Art Theft: The A Lot Of Intriguing and Famous Cases in History



Art theft is an ancient and complex criminal activity. When you look at the some of the most famous cases of art thefts in history, you see thoroughly planned operations that involve art dealers, art fakers, mobsters, ransoms, and millions of dollars. Here you can check out about some of the most well-known cases of art theft in the history.

The First Theft:
The first documented case of art theft was in 1473, when two panels of altarpiece of the Last Judgment by the Dutch painter Hans Memling were stolen. While the triptych was being transported by ship from the Netherlands to Florence, the ship was attacked by pirates who took it to the Gdansk cathedral in Poland. Nowadays, the piece is shown at the National Museum in Gdansk where it was recently moved from the Basilica of the Presumption.

The The Majority Of Famous Theft:
The most famous story of art theft includes among the most famous paintings on the planet and one of the most popular artists in history as a suspect. In the night of August 21, 1911, the Mona Lisa was taken out of the Louver. Right after, Pablo Picasso was jailed and questioned by the cops, but was released quickly.

It took about two years till the secret was solved by the Parisian cops. It ended up that the 30 × 21 inch painting was taken by one of the museum workers by the name of Vincenzo Peruggia, who merely carried it hidden under his coat. However, Peruggia did not work alone. The criminal offense was carefully carried out by a infamous bilker, Eduardo de Valfierno, who was sent out by an art faker who planned to make copies and sell them as if they were the original painting.

While Yves Chaudron, the art faker, was busy producing copies for the well-known work of art, Mona Lisa was still concealed at Peruggias home. Ultimately, Peruggia was caught by the authorities while trying to offer the painting to an art dealer from Florence, Italy.

The Most significant Theft in the USA:
The biggest art theft in United States took location at the Isabella Stewart Gardner Museum. On the night of March 18, 1990, a group of thieves using authorities uniforms burglarized the museum and took thirteen paintings whose cumulative worth was approximated at around 300 million dollars. The burglars http://kurtcriter.brandyourself.com/Links took two paintings and one print by Rembrandt, and works of Vermeer, Manet, Degas, Govaert Flinck, in addition to a French and a Chinese artifact.

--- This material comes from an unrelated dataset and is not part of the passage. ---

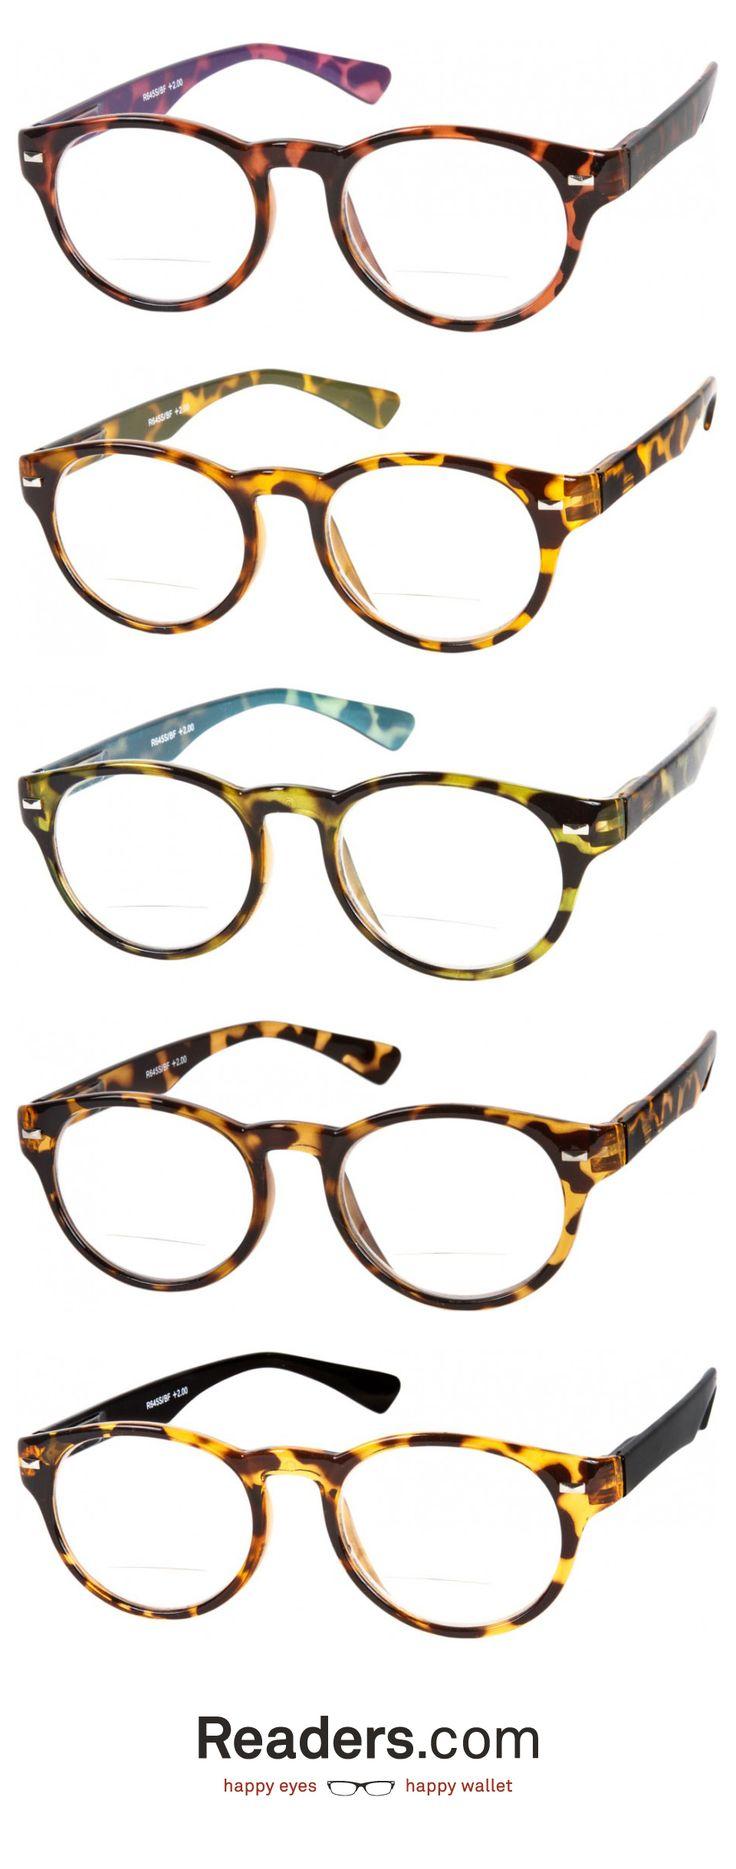 182 best Spectacles images on Pinterest | Eye glasses, General ...

Since https://www.yelp.com/biz/kurt-criter-denver-2 yet, none of the paintings have actually been found and the case is still unsolved. According to current rumors, the FBI are examining the possibility that the Boston Mob along with French art dealerships are linked to the criminal offense.

The Scream:
The painting by Edvard Munchs, The Scream, is probably the most demanded painting by art burglars in history. It has been taken twice and was just recently recovered. In 1994, throughout the Winter Season Olympics in Lillehammer, Norway, The Scream was stolen from an Oslo gallery by 2 burglars who broke through an open window, triggered the alarm and left a note saying: thanks for the bad security.

3 months later on, the holders of the painting approached the Norwegian Government with an offer: 1 million dollars ransom for Edvard Munchs The Scream. The Federal government rejected the deal, but the Norwegian authorities collaborated with the British Authorities and the Getty Museum to organize a sting operation that restored the painting to where it belongs.

10 years later https://www.quora.com/profile/Kurt-Criter on, The Scream was taken once again from the Munch Museum. This time, the robbers utilized a gun and took another of Munchs painting with them. While Museum authorities waiting on the burglars to demand ransom loan, rumors claimed that both paintings were burned to hide evidence. Ultimately, the Norwegian authorities discovered the two paintings on August 31, 2006 but the realities on how they were recuperated are not understood.


When you look at the some of the most famous cases of art thefts in history, you see completely planned operations that involve art dealerships, art fakers, mobsters, ransoms, and millions of dollars. The most well-known story of art theft includes one of the most famous paintings in the world and one of the most well-known artists in history as a suspect. The criminal activity was carefully carried out by a infamous con man, Eduardo de Valfierno, who was sent by an art faker who planned to make copies and offer them as if they were the original painting.

Ultimately, Peruggia was captured by the authorities while attempting to sell the painting to an art dealership from Florence, Italy. The painting by Edvard Munchs, The Scream, is probably the most looked for after painting by art burglars in history.